Keyboardist Lulu Phillips plays in blues bands, David Bowie tribute

Versatility is an important trait to any successful musician. The more styles and genres a player can play, the more opportunities will open up. South shore keyboard player Lulu Phillips is certainly well versed in many styles. Phillips can be seen playing her keyboards in the Lickity Split blues band or working her synthesizers in the David Bowie tribute band Diamond Dogs.

“It’s just a lot of fun. I love the blues,” Phillips said. “It’s the kind of band where a lot of people will call us for holidays, and hall parties, and beach parties. It’s more of a local project whereas the Bowie tribute is where trying to play to larger venues.”

Lulu Phillips began her musical journey, and she does see her career as a journey, when she took traditional piano lessons and theory in third grade to seventh grade with a Catholic nun before taking some courses at Berklee and then some instructions from David Zoffer, the Jazz Department Chairman at New England Conservatory of Music.

Phillips was influenced primarily by Little Feet’s keyboard player Bill Payne and Allman Brothers keyboardist Greg Allman, two who were influenced by the roots of blues players like Professor Longhair.
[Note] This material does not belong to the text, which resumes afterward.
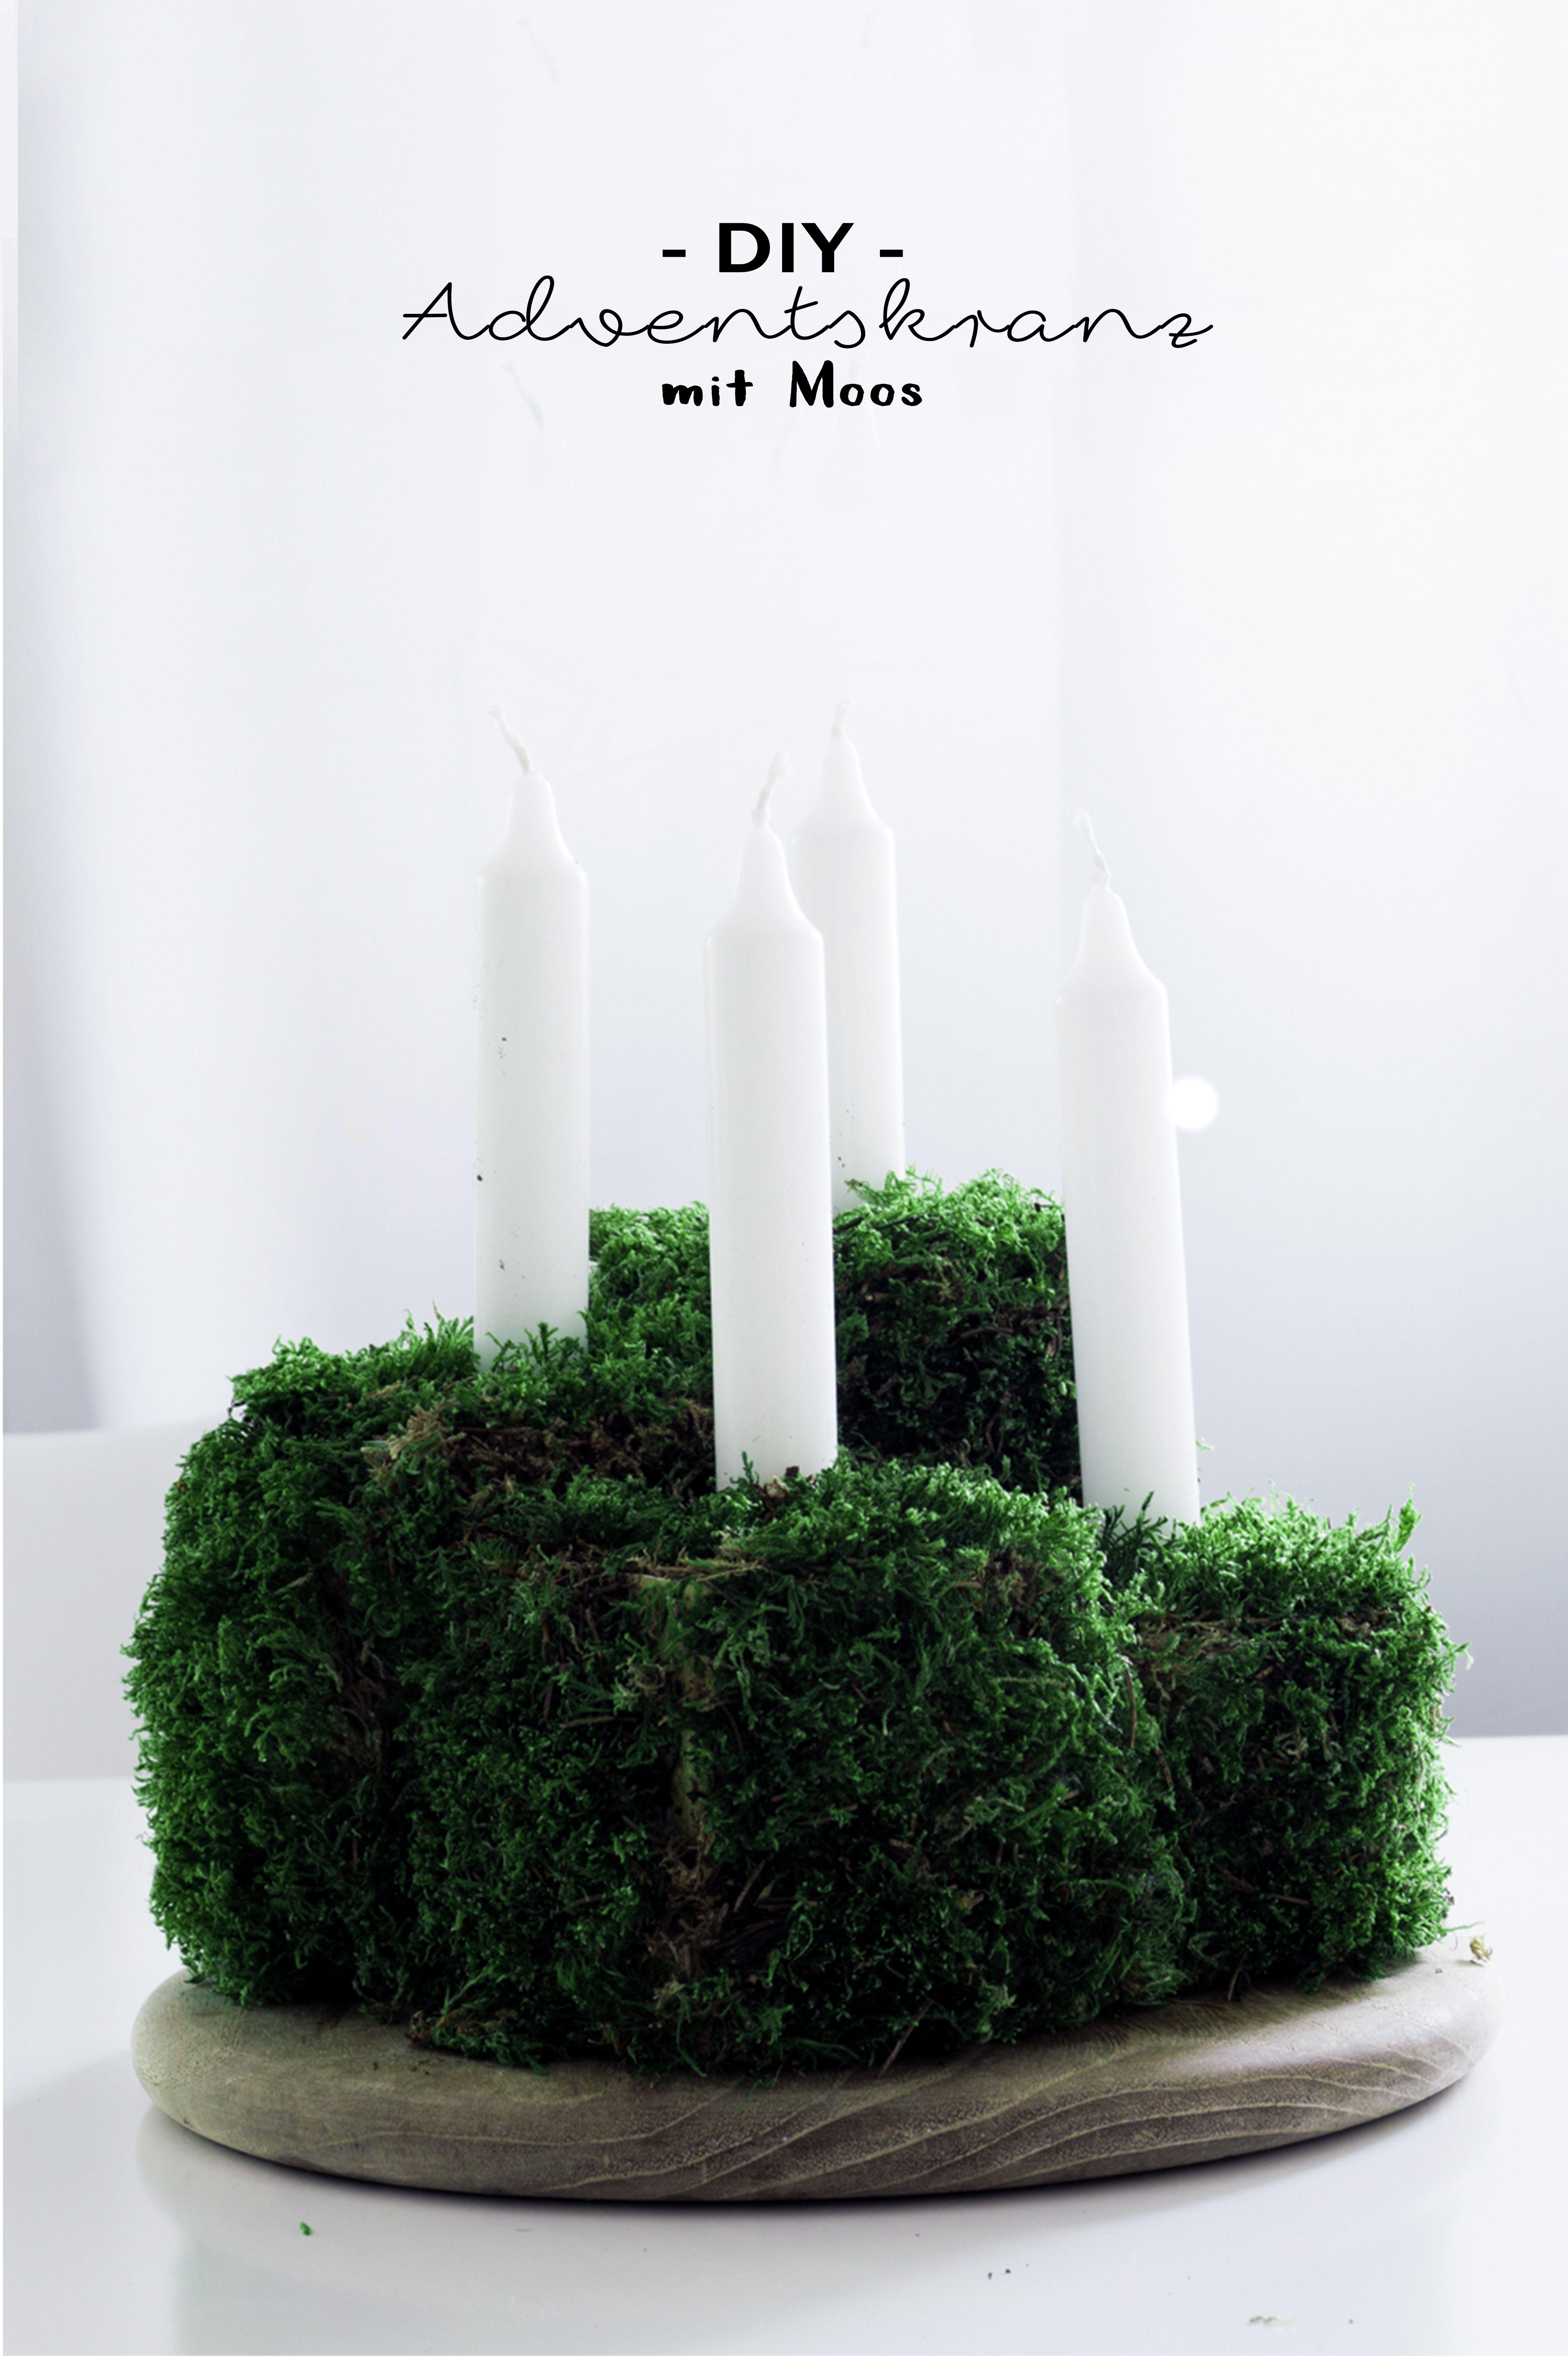 Diy Idee Für Weihnachten Adventskranz Aus Moos Selber Machen Basteln Den Advent Christmas Decoration Deko Ideen Grün

Growing up in Quincy, Phillips has been a single parent for many years, and she majored in music therapy to reach children in need. Although she didn’t get a chance to finish her degree, she still gives people something they need.

“It’s almost like a spiritual thing,” Phillips said. “That’s the main part of it, the passion. I don’t think you can ever get to the highest plateau because then you’re on the bottom of the next plateau. It’s a constant feeling of curiosity. That’s why I get so much enjoyment from it. The business itself is very cold and it’s not pretty, but the music is.”

Phillips played with a variety of outfits over the decades, a jazz band, a wedding band, a gospel choir. She eventually ended up in a two piece band that played music for fans of Irish music, Morrissey, U2, and Irish rebel music. This was in the late 1990s, when all the Quincy clubs offered Irish music.

Phillip eventually made her way to the Yardrock blues jam in Quincy where she made her mark in the blues scene, though she had been a blues fan all of her life. Her love for blues having come to her after hanging out in Cambridge clubs during her youth. Phillips worked with the blues and classic rock band The End Result in the Lowell scene.

If that was a tangled enough musical route, Phillips was invited to join the popular David Bowie tribute band, Diamond Dogs. Diamond Dogs leader and singer Mike Richard saw Phillips perform at The Next Page in Weymouth. Stuck by her stage presence, he recruited her. Bowie’s material gives Phillips a lot to sink her teeth into.

“Bowie puts together really heavy hitters when he puts musicians together and he creates at an artistic level,” Phillips said. “His pianist’s name is Mike Garson. Mike Garson is a trained classical-slash-jazz player. He’s unbelievable. So that whole area, classical and jazz, is much more involved for me to work on, and it’s intriguing. It was more of a challenge, something different.”

Diamond Dogs focuses on Bowie’s 1970s material like Ziggy Stardust and his dance music in the 1980s. Phillips described the singer‘s ever changing stage personality in the 1970s. “He was following personas on an artistic level but people thought it was his personality which he claims it wasn’t. He was representing personas that he created over a period of time. The next biggest thing for him was the dance phase.” Phillips said that Diamond Dogs also plays material from Bowie’s Reality Tour. “He morphs through what’s popular, I think,” she added.

“He definitely throws a spin on everything,” she said. “He takes rock and then he uses classical and jazz progressions. He’s still rocking out. I guess he’s the kind of person you don’t know where he’s going to go next.” Phillips enjoys the research she has to study to learn Bowie’s stuff. That depth of musicianship among the tribute band players, she said, makes the Bowie tribute popular with other musicians. It also gives her more opportunities to use her synthesizer than her blues bands. Luckily, her keyboard features buttons and switches that allowed her to work on the sound designs.

Phillips has not tried to write her own original music yet, but she feels good about sharing her interpretation of other people’s material.

When Phillips isn’t busy blowing people’s mind with Bowie’s prog-rock, she cuts loose with Lickity Split, the unit lead by south shore promoter/booker/musician Satch Romono. The band plays at South Shore rooms like The Next Page, Varsity Club, Murphy‘s Twin Shamrock, and Louie’s in, and in the North Shore they play O’Neil’s in Salem.

Phillips uses Korg Triton LE keyboards. She is hard to see on stage in the Diamond Dogs tribute band in the space next to the drum set and behind a line of guitarists. She is not very visible in that corner, but she can certainly be heard.

“I am playing music to make people happy,” she said. “Nobody can take this from me. I can always give my music out, and it makes me happy to see people out having fun and dancing. It shouldn’t matter whether you can see me or not. My whole purpose is being fulfilled.”